I have a Postgresql table with something like 200k tuples, so not that much. What I try to do is filter out some rows and then order them using full-text matching:
SELECT * FROM descriptions as d
WHERE d.category_id = ?
AND d.description != ''
AND regexp_replace(d.description, '(...)', '') !~* '...'
AND regexp_replace(d.description, '...', '') !~* '...'
AND d.id != ?
ORDER BY ts_rank_cd(to_tsvector('english', name), plainto_tsquery('english', 'my search words')) DESC LIMIT 5 OFFSET 0';
There is a GIN index on description field.
Now this query works well only when there is less then 4000 or so records in the category. When its more like 5k or 6k then the query gets extremely slow.

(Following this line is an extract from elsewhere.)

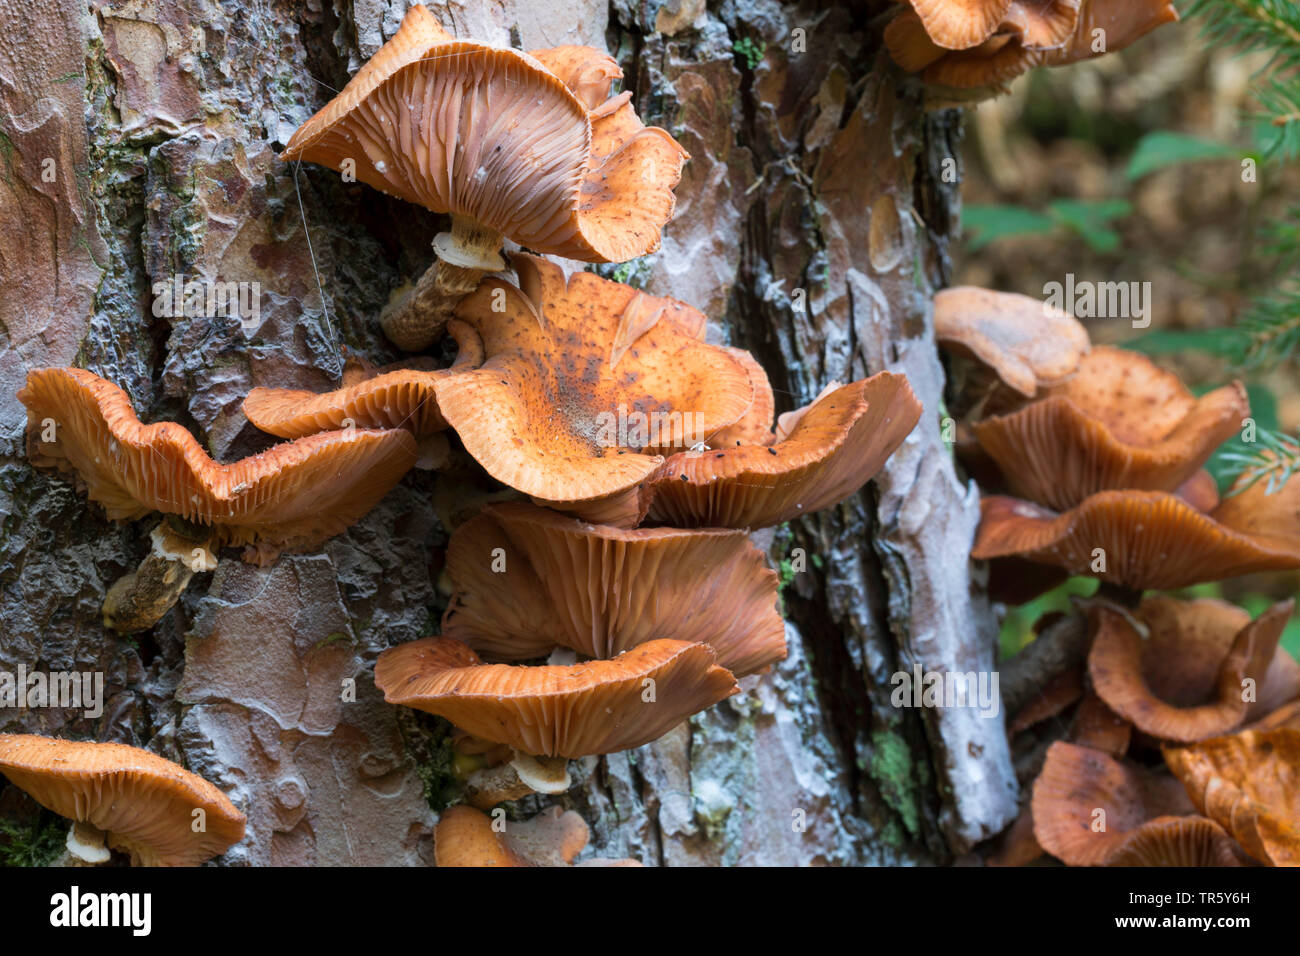 Dark honey fungus, Honey mushroom (Armillaria ostoyae, Armillariella polymyces, Armillaria solidipes), at a trunkf of a pine, Germany Stock Photo

I was trying different variations of this query. What I noticed is when I remove either WHERE clause or ORDER BY clause then I get big speed up. (Of course then I get irrelevant results)
What can I do to speedup this combination? Any way of optimizing or should I look for a solution outside Postgresql?
Additional question:
I'm experimenting further and for example this is the simplest query that I think runs too slow. Can I tell from explain analyze when it uses gist index and when doesn't?
SELECT d.*, d.description <-> 'banana' as dist FROM descriptions as d ORDER BY dist DESC LIMIT 5
"Limit (cost=16046.88..16046.89 rows=5 width=2425) (actual time=998.811..998.813 rows=5 loops=1)"
" -> Sort (cost=16046.88..16561.90 rows=206010 width=2425) (actual time=998.810..998.810 rows=5 loops=1)"
" Sort Key: (((description)::text <-> 'banana'::text))"
" Sort Method: top-N heapsort Memory: 27kB"
" -> Seq Scan on products d (cost=0.00..12625.12 rows=206010 width=2425) (actual time=0.033..901.260 rows=206010 loops=1)"
"Total runtime: 998.866 ms"`
Answered (kgrittn): DESC keyword is not correct for KNN-GiST and it's actually not wanted here. Removing it fixes the problem and gives right results.